Exercise goal:
Below are entries. Copy exactly the lines running from the line that holds "5398EAF5-360D-4AE1-9D86-C7E32A344968.jpeg" to the line that holds "бронзовки фото терешкино", with both ends included.

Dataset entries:
------------

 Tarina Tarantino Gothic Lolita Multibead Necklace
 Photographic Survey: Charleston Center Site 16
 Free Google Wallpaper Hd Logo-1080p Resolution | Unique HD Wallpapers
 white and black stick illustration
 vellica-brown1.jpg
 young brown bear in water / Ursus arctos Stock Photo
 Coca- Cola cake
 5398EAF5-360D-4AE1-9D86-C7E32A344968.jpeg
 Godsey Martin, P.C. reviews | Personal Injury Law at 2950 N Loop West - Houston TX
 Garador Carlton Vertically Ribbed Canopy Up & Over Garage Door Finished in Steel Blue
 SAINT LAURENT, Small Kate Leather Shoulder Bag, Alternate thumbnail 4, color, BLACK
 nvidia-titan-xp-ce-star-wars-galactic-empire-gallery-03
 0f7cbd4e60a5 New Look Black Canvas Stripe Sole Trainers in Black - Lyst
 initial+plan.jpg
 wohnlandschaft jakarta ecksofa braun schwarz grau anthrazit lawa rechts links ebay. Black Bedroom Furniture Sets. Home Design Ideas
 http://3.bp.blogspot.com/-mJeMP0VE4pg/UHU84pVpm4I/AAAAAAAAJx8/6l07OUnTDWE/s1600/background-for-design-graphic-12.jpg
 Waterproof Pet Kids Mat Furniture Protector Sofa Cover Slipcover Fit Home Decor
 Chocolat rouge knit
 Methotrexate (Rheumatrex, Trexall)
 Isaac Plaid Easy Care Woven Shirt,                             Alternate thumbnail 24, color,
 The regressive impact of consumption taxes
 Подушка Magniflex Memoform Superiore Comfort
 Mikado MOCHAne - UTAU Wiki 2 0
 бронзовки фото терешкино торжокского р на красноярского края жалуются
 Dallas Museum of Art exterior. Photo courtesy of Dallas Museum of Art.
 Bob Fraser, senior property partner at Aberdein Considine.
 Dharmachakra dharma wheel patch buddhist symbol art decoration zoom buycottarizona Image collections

------------

Exercise output:
 5398EAF5-360D-4AE1-9D86-C7E32A344968.jpeg
 Godsey Martin, P.C. reviews | Personal Injury Law at 2950 N Loop West - Houston TX
 Garador Carlton Vertically Ribbed Canopy Up & Over Garage Door Finished in Steel Blue
 SAINT LAURENT, Small Kate Leather Shoulder Bag, Alternate thumbnail 4, color, BLACK
 nvidia-titan-xp-ce-star-wars-galactic-empire-gallery-03
 0f7cbd4e60a5 New Look Black Canvas Stripe Sole Trainers in Black - Lyst
 initial+plan.jpg
 wohnlandschaft jakarta ecksofa braun schwarz grau anthrazit lawa rechts links ebay. Black Bedroom Furniture Sets. Home Design Ideas
 http://3.bp.blogspot.com/-mJeMP0VE4pg/UHU84pVpm4I/AAAAAAAAJx8/6l07OUnTDWE/s1600/background-for-design-graphic-12.jpg
 Waterproof Pet Kids Mat Furniture Protector Sofa Cover Slipcover Fit Home Decor
 Chocolat rouge knit
 Methotrexate (Rheumatrex, Trexall)
 Isaac Plaid Easy Care Woven Shirt,                             Alternate thumbnail 24, color,
 The regressive impact of consumption taxes
 Подушка Magniflex Memoform Superiore Comfort
 Mikado MOCHAne - UTAU Wiki 2 0
 бронзовки фото терешкино торжокского р на красноярского края жалуются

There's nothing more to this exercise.